- TASK BRIEF -
Only one stretch of the material below is wanted: everything from the line containing "Plan de ville" down to the line containing "Score Training T-shirt Blanco/negro Uhlsport", both ends included. Repeat it exactly and skip the pictures.
-- DATA follows --
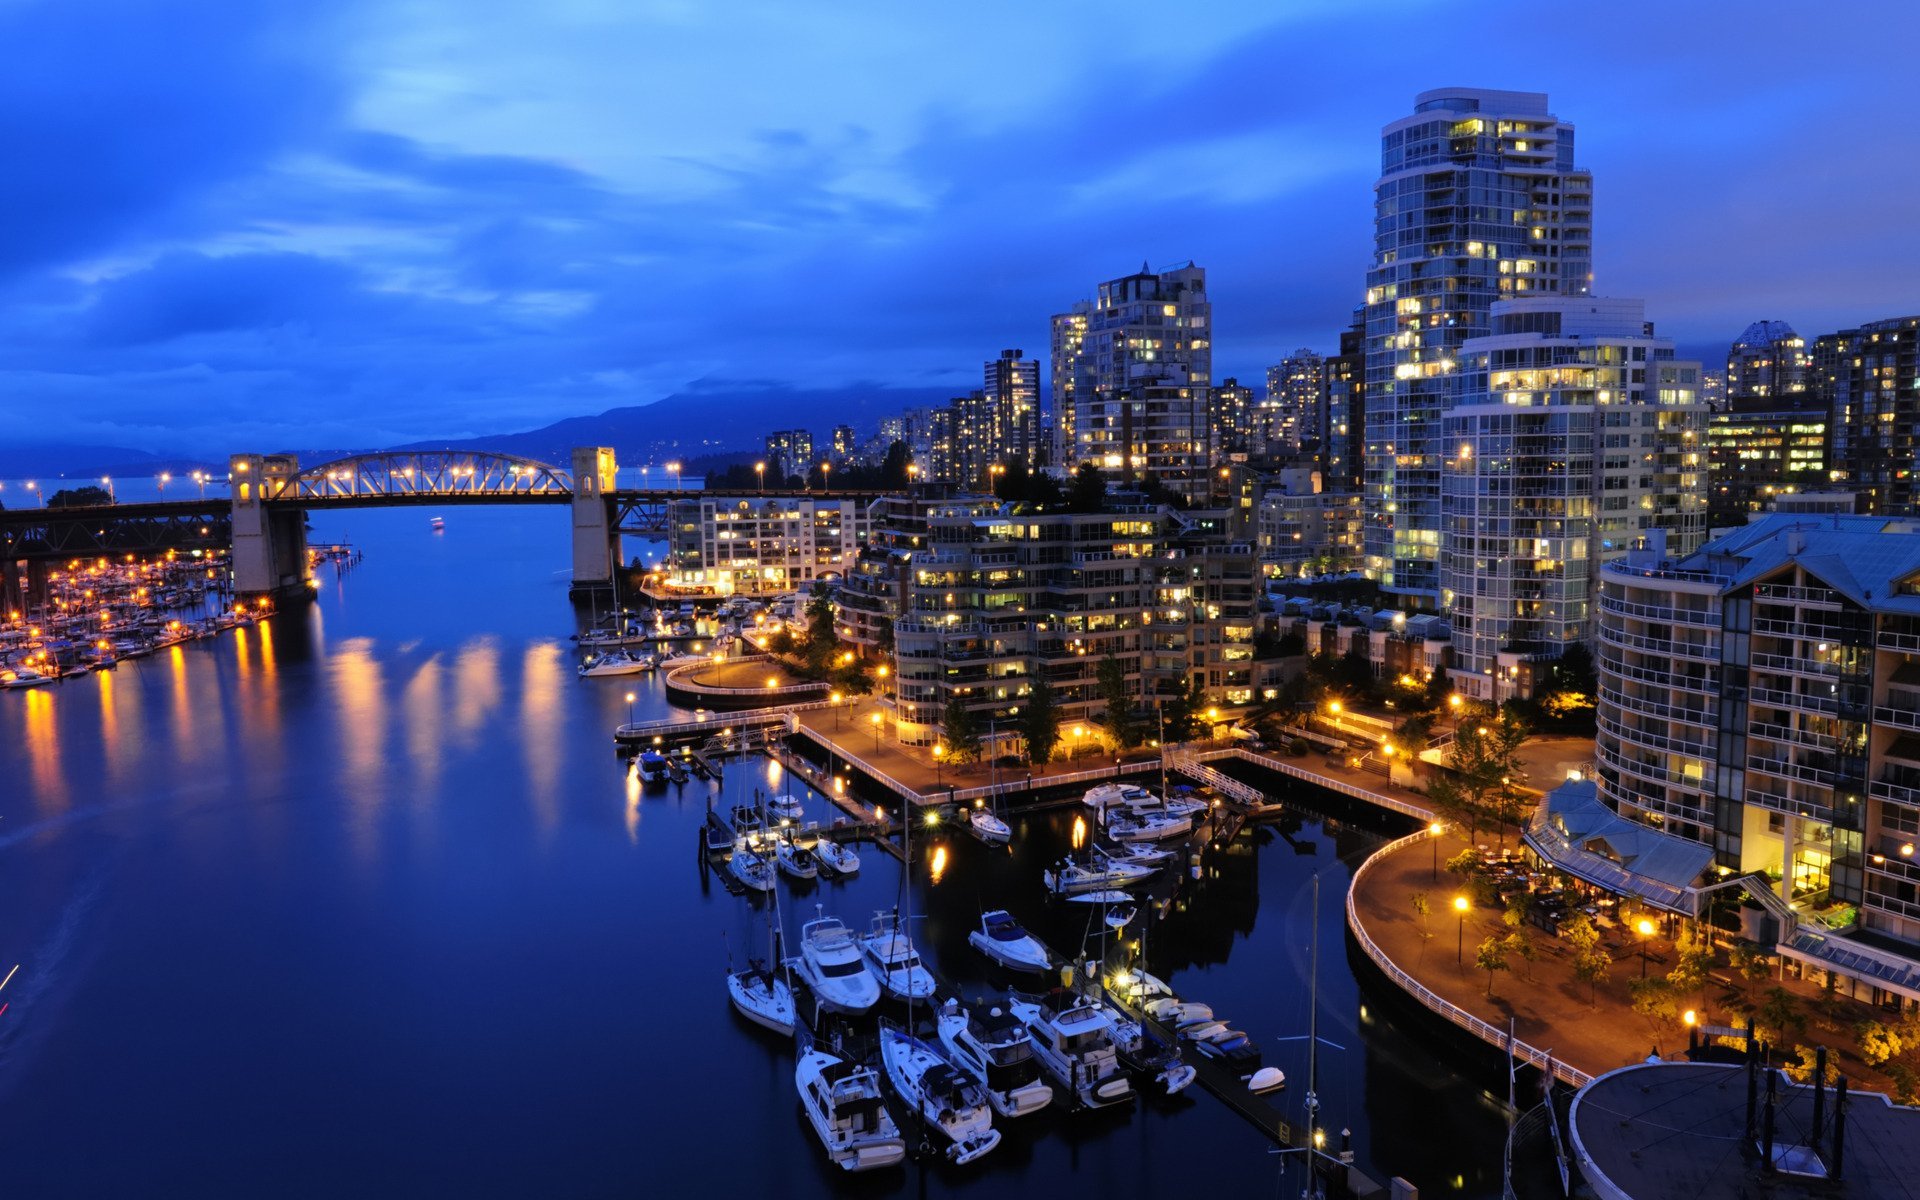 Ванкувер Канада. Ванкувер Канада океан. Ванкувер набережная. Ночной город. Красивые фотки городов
-- DATA concluded --
-- DATA follows --
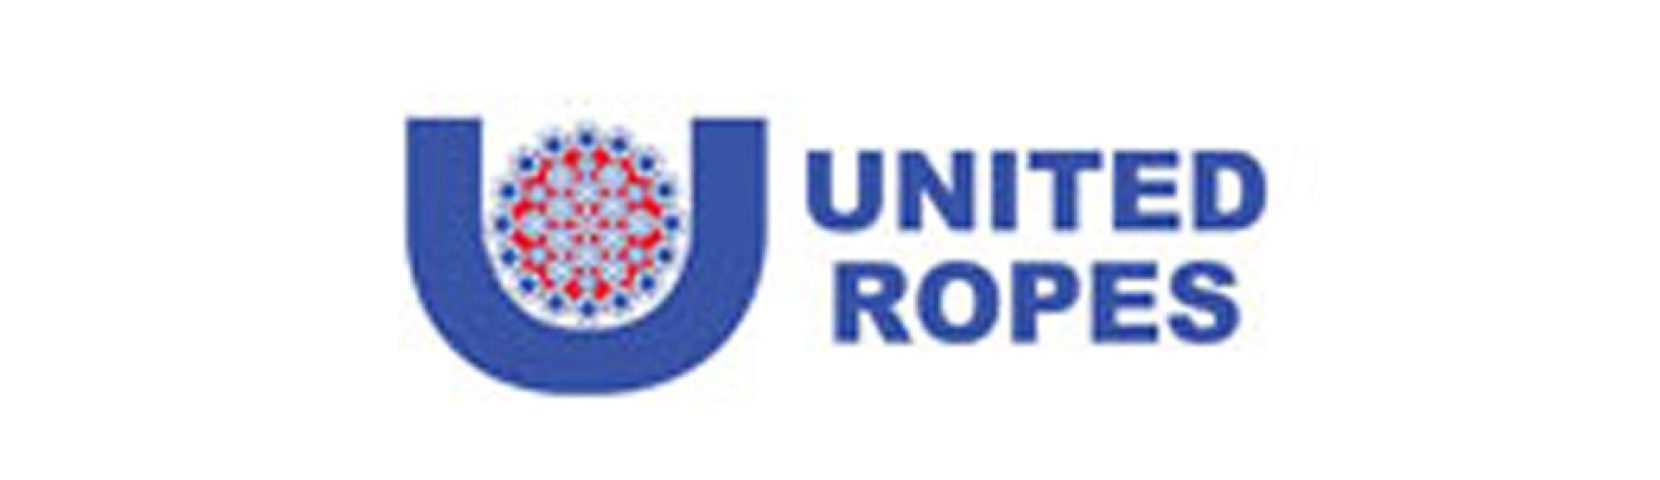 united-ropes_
-- DATA concluded --
-- DATA follows --
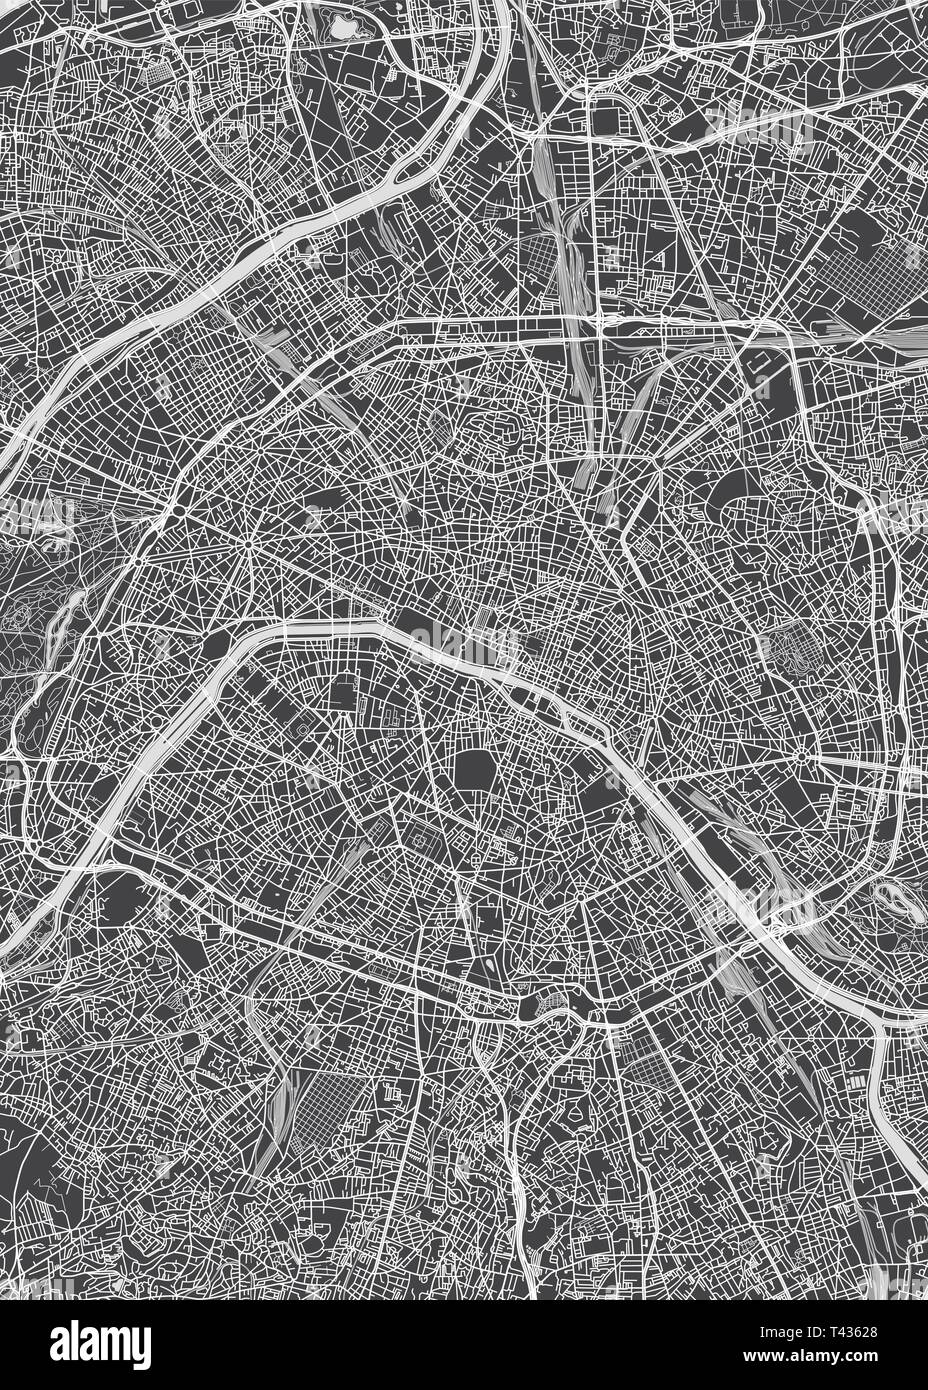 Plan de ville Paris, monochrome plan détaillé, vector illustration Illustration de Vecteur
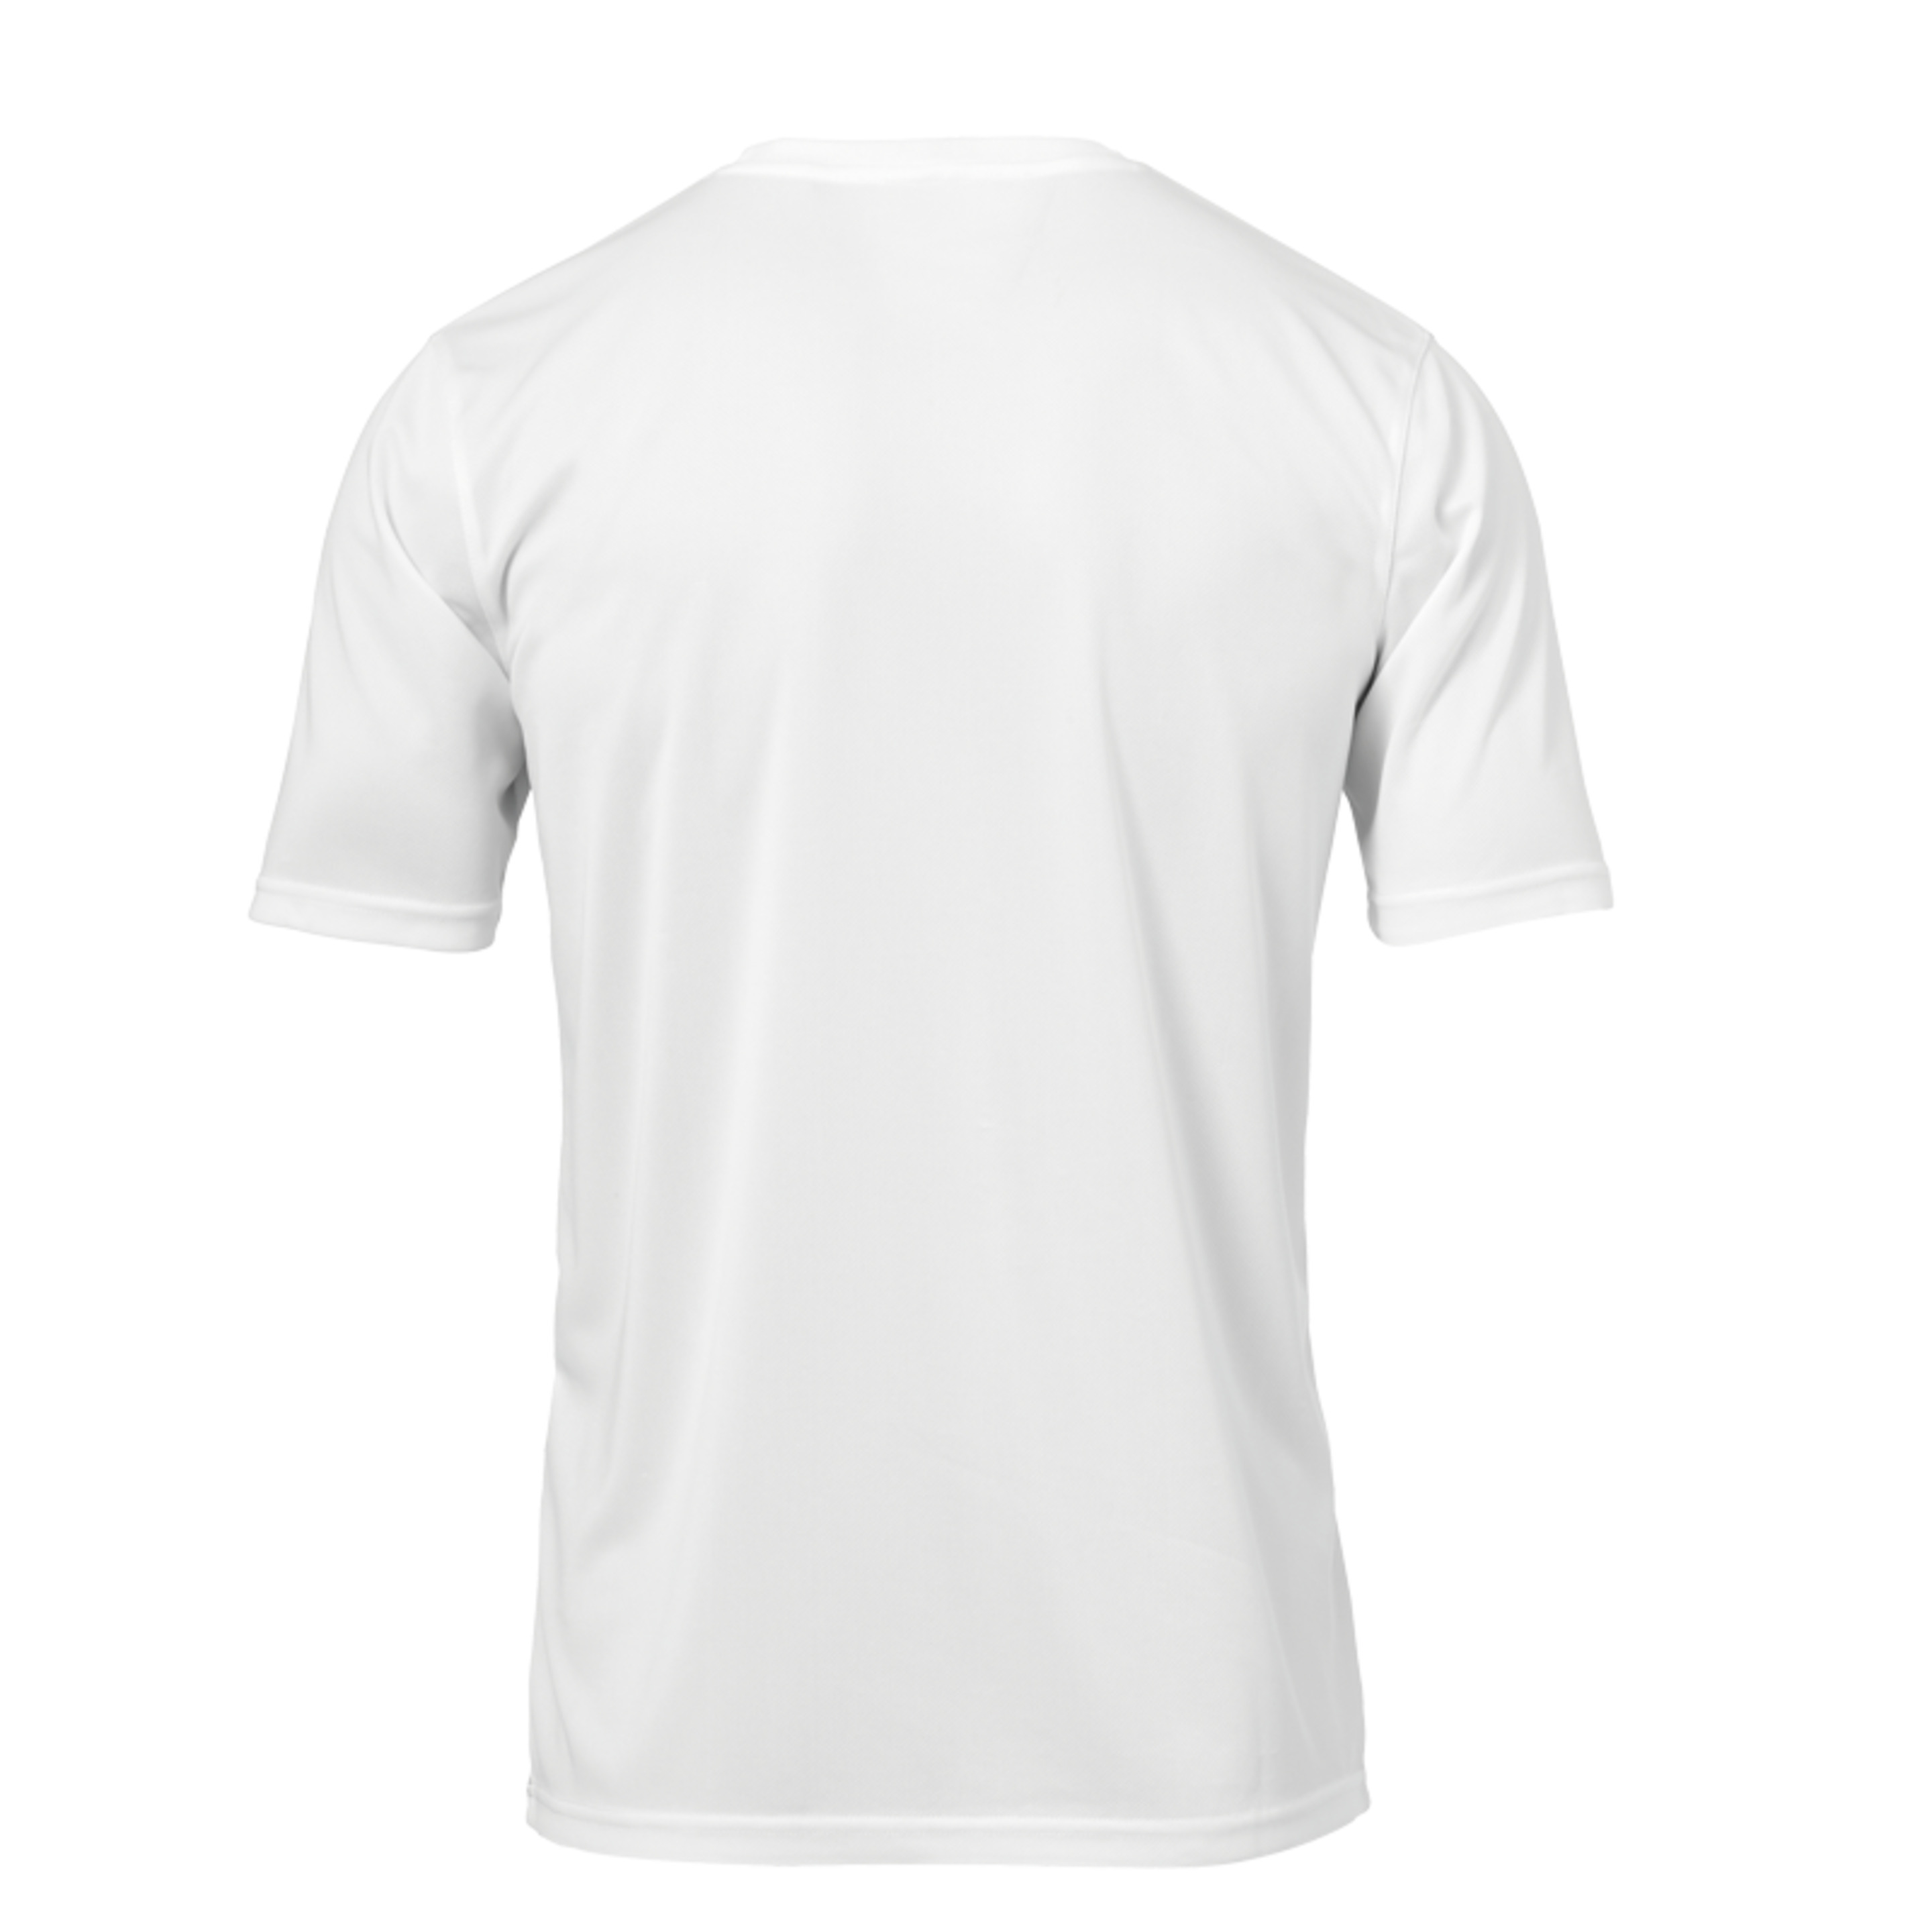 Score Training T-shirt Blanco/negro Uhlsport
-- DATA concluded --
- RESPONSE TO THE EXERCISE -
 Plan de ville Paris, monochrome plan détaillé, vector illustration Illustration de Vecteur
 Score Training T-shirt Blanco/negro Uhlsport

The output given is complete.